Wednesday, March 27, 2024

#52 Ancestors 2024 Week 25 Storyteller: James Agee

My children and grandchildren share a relationship with one of America's most famous storytellers: novelist, journalist, poet, screenwriter and film critic, James Rufus Agee. Since one of my sons is also a James Agee, he has always been curious about his relationship to the famous cousin with whom he shares a name. 

Both are descendants of Mathieu Agee, the French Huguenot immigrant, about whom I have previously written. Mathieu's son, Anthony Agee, is the common ancestor.  My son is descended from Anthony's son Matthew Agee, and James Rufus is descended from Anthony's son Isaac Godwin Agee. So the two Jameses are 5th cousins, twice removed. 

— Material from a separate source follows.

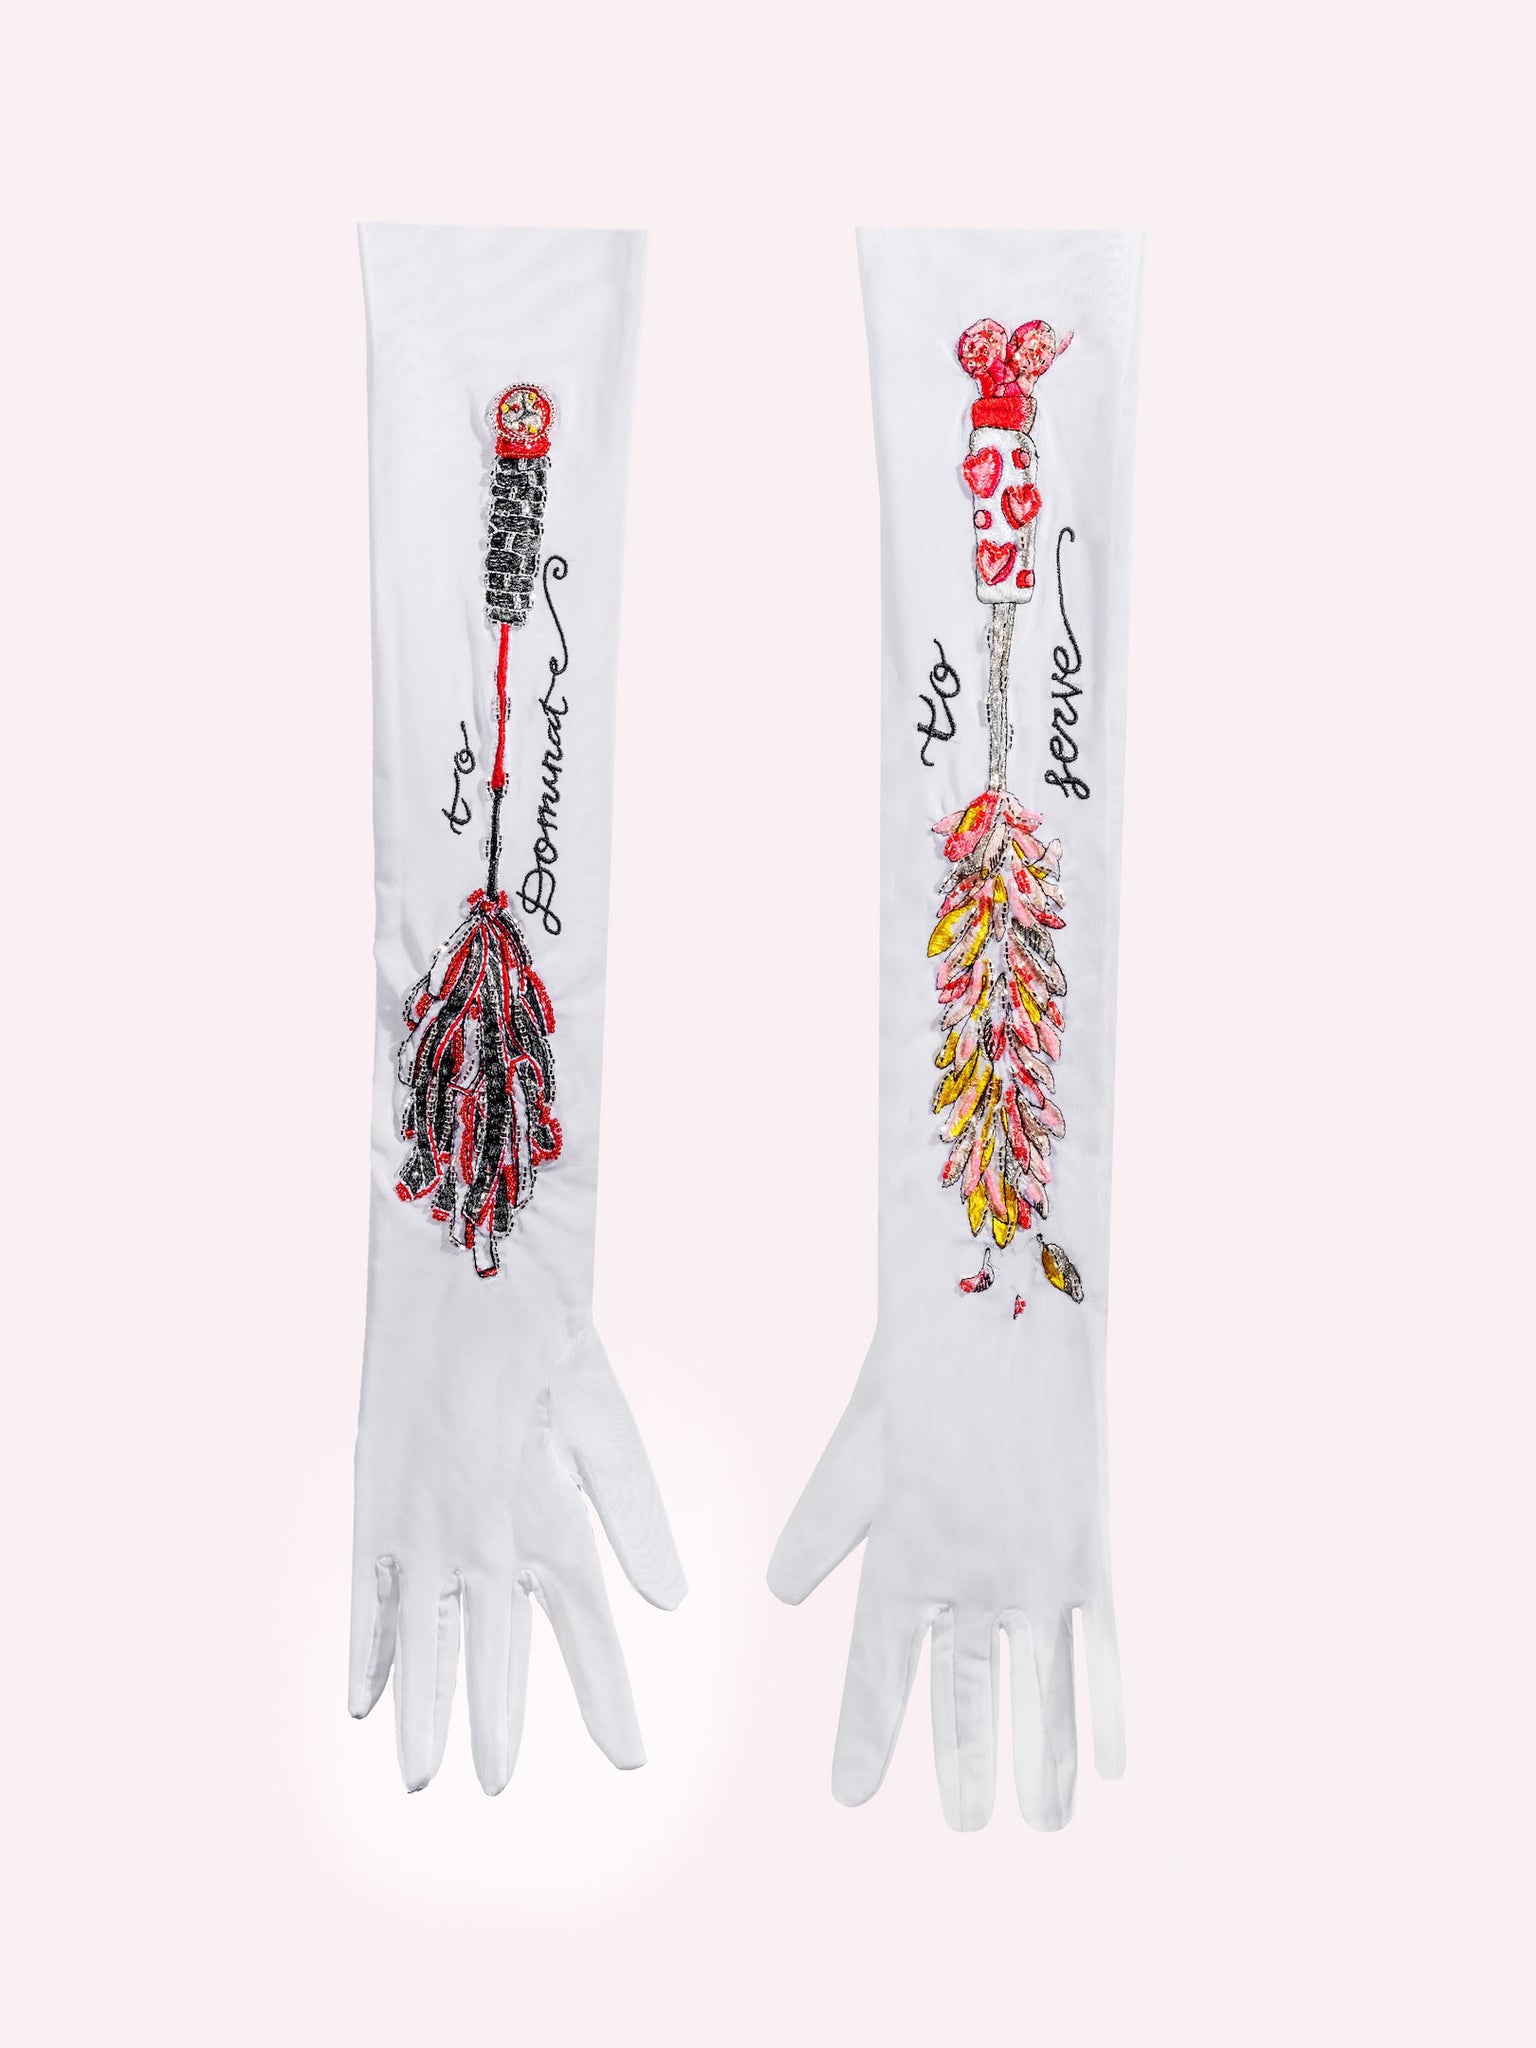 Maid's Gloves

James Rufus Agee was born in Knoxville TN 27 November 1909, son of James Hugh Agee and Laura Whitman Tyler.  When James was six, his father died in an automobile accident, an event which had a profound impact on young Rufus, as he was then known.  His telling of this story in his autobiographical work, A Death in the Family, earned him a posthumous Pulitzer for fiction in 1958. 

After his father’s untimely death, Agee was sent to an Episcopal boarding school where he was introduced to classical literature and mentored by Father James Flye, who subsequently helped him win a place at Exeter Academy and later Harvard. In 1934, after graduation from Harvard, Agee published his only book of poetry, Permit Me Voyage

In the early 1930's, he wrote for Henry Luce's Fortune Magazine covering topics ranging from the TVA to orchids.  But it was his 1936 venture with photographer Walker Evans to document the lives of impoverished tenant farmers during the Great Depression that really set off his career. Their visual and oral history was eventually published in 1941 as Let Us Now Praise Famous Men. It sold only about 600 copies originally, but it has come to be recognized as a classic study of social injustice and Agee’s masterpiece. 

In the Preface, Agee takes a poetic view of his writing.  The text, he said, was meant to be read aloud. “It is suggested that the reader attend with his ear to what he takes off the page: for variations of tone, pace, shape and dynamics are here particularly unavailable to the eye alone, and with their loss, a good deal of meaning escapes.”

In 1939, Agee became the book reviewer and later the film critic for Time Magazine and The Nation, becoming one of the foremost champions of film as artThe collections of his film reviews are considered some of the best film-related books ever written. 

In the late 1940’s, Agee turned his hand to screenwriting.  This career was impeded by his alcoholism, but he was credited as a screenwriter on two of the most respected films of the 1950’s: The African Queen and The Night of the Hunter. 

James Agee had three fairly disastrous marriages and four children. His son Joel Agee became a writer and translator. 

His hard-drinking, chain-smoking lifestyle undoubtedly contributed to his death from a heart attack in a New York City cab in 1955. Ironically, he died on the anniversary of his father’s death: May 16.

During his lifetime, Agee received only modest public recognition. The publication of A Death in the Family after his death and its subsequent award of the Pulitzer Prize in 1958 sparked renewed attention and re-evaluation of his work. 











So let us remember James Agee with one of his best-known poems, once set to music by composer Samuel Barber.

Sure on this shining night
Of star made shadows round,
Kindness must watch for me
This side the ground. 
The late year lies down the north.
All is healed, all is health.
High summer holds the earth. 
Hearts all whole.
Sure on this shining night I weep for wonder wand'ring far
alone
Of shadows on the stars.


1 comment:

  1. Thank you Anne! I’d heard that we were related to James Agee but never knew how or if it was true. Now I know and appreciate your succinct description of his life… like so many Agees, too short.